Prior to CorpusSearch, the linguists at the University of Pennsylvania had been using a search program called "tgrep." The purpose of tgrep is to search the Penn treebank, which is a corpus of linguistically annotated text. tgrep was designed by computer scientists to aid other computer scientists in their study of natural language. Not surprisingly, the linguists had discovered that tgrep was not optimal for their purposes.

why CorpusSearch is an improvement:

CorpusSearch was designed to be an improvement over tgrep as follows:

Clearer command language.

tgrep was not designed by or for linguists, and its command language was counter-intuitive and took a long time to learn. The linguists were concerned that other linguists might be so put off by the difficulties of learning tgrep that they wouldn't use the Middle English corpus for their research.

Here's an example of the sort of thing linguists look for:

Subordinate clauses with two nominal constituents between the subject and the modal verb and the modal verb preceding the non-tensed verb.

as a tgrep command:

'/CP/ < (/IP/ < (NP-SBJ $. (/^NP/ $. (/^NP/ $. (/MD$/ $.. /VB$/)))))'

and as a CorpusSearch command:

node: CP*

query: ((((NP-SBJ iPrecedes 1NP*)
AND (1NP* iPrecedes 2NP*))
AND (2NP* iPrecedes *MD))
AND (*MD precedes *VB))

The tgrep language and the CorpusSearch language are equally expressive; the advantage of the CorpusSearch language is that it is phrased in terms that come naturally to linguists.
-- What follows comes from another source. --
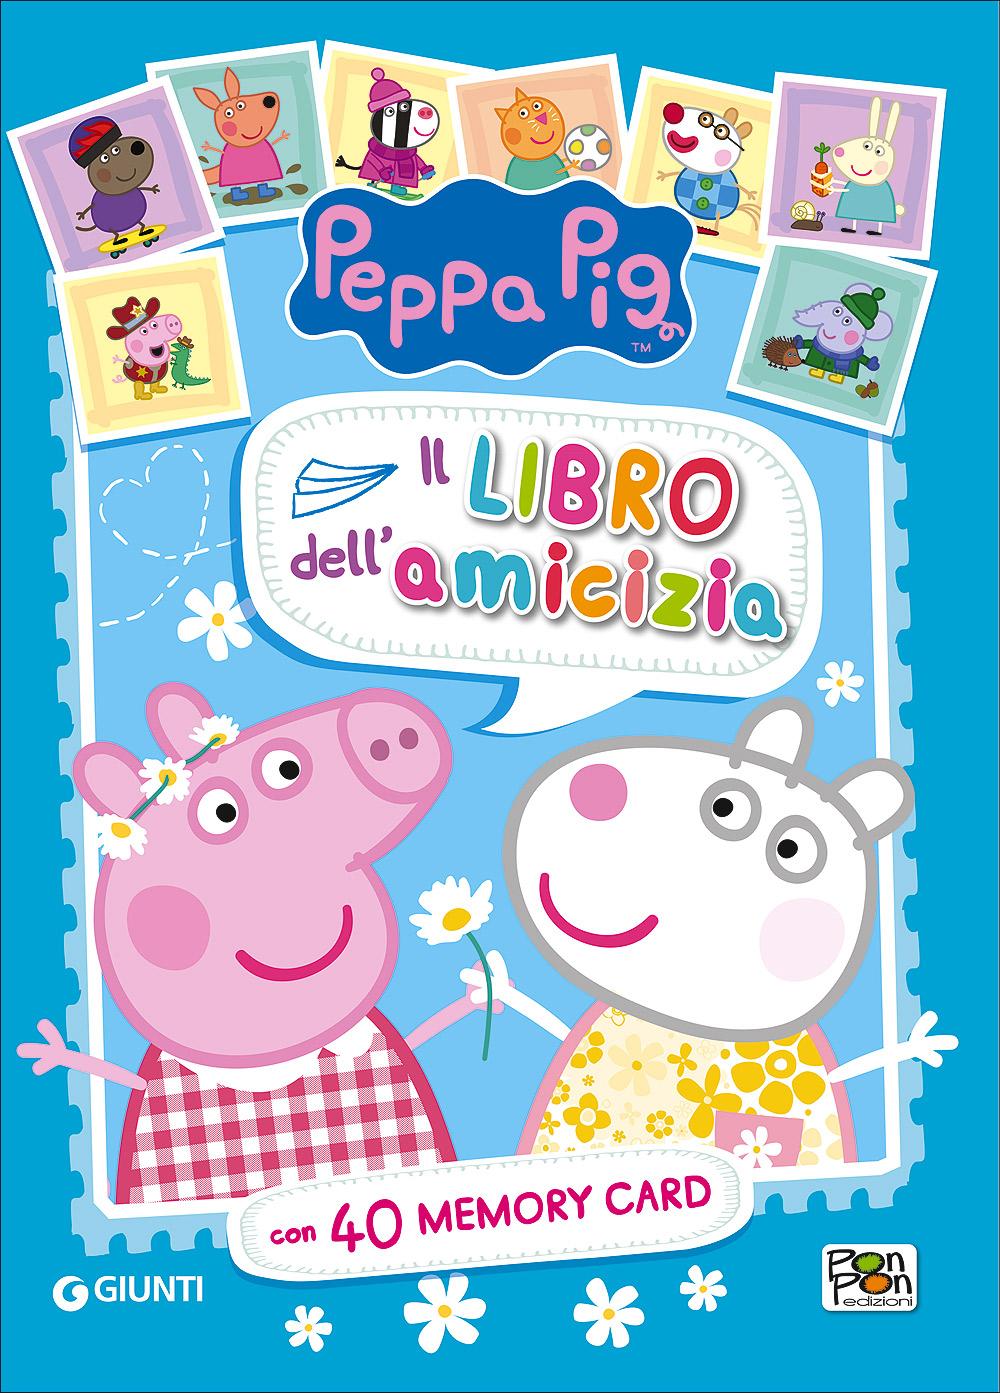 Peppa Pig - Il libro dell'amicizia

When the CorpusSearch project was originally proposed, the idea was that I would simply write a new interface, which would translate linguist-friendly commands into tgrep commands. As time went on, it became clear that I needed to write a new search program as well, for the following reasons.

searchable output.

In tgrep, output could not be searched directly -- it first had to be filtered through "tprep", which prepared a searchable file. This was an annoyance, since tprep takes time and had to be used again if the input file was changed in any way. In CorpusSearch, output or edited corpus files can be searched directly with no intervening steps.

more informative output.

In tgrep, the default setting is to return only one example of the search string per sentence. If there is more than one such example, only the first is returned, with no indication that there are others. This is not what linguists need, especially since they are often interested in statistical analysis. Also, tgrep simply printed out the sentences (or sometimes the nodes) that contained the searched-for structure. Some of the corpus sentences are quite long and complex, and it takes time to locate the structure in them. Each sentence of the output had to be examined to find the structure. CorpusSearch prints out indices and exact descriptions, so that the number and location of the found structures can be determined at a glance.

more useful output.

CorpusSearch output gives the original text version of the corpus sentence, as well as the parsed and labelled version. With tgrep output, linguists had to go through and delete all the parentheses and labels by hand to show what the original sentence looked like!

support and maintenance

tgrep is no longer supported; the writer has moved on to other projects. The linguists' only recourse in understanding the program is the unwieldy documentation. Recently tgrep has stopped searching the entire corpus at once; the corpus must be broken into two batches for searching, for no apparent reason. Since I'm writing CorpusSearch in close communication with the linguists, they have a strong understanding of what CorpusSearch does and how closely it meets their specifications. I'll be available for at least a year to support the code.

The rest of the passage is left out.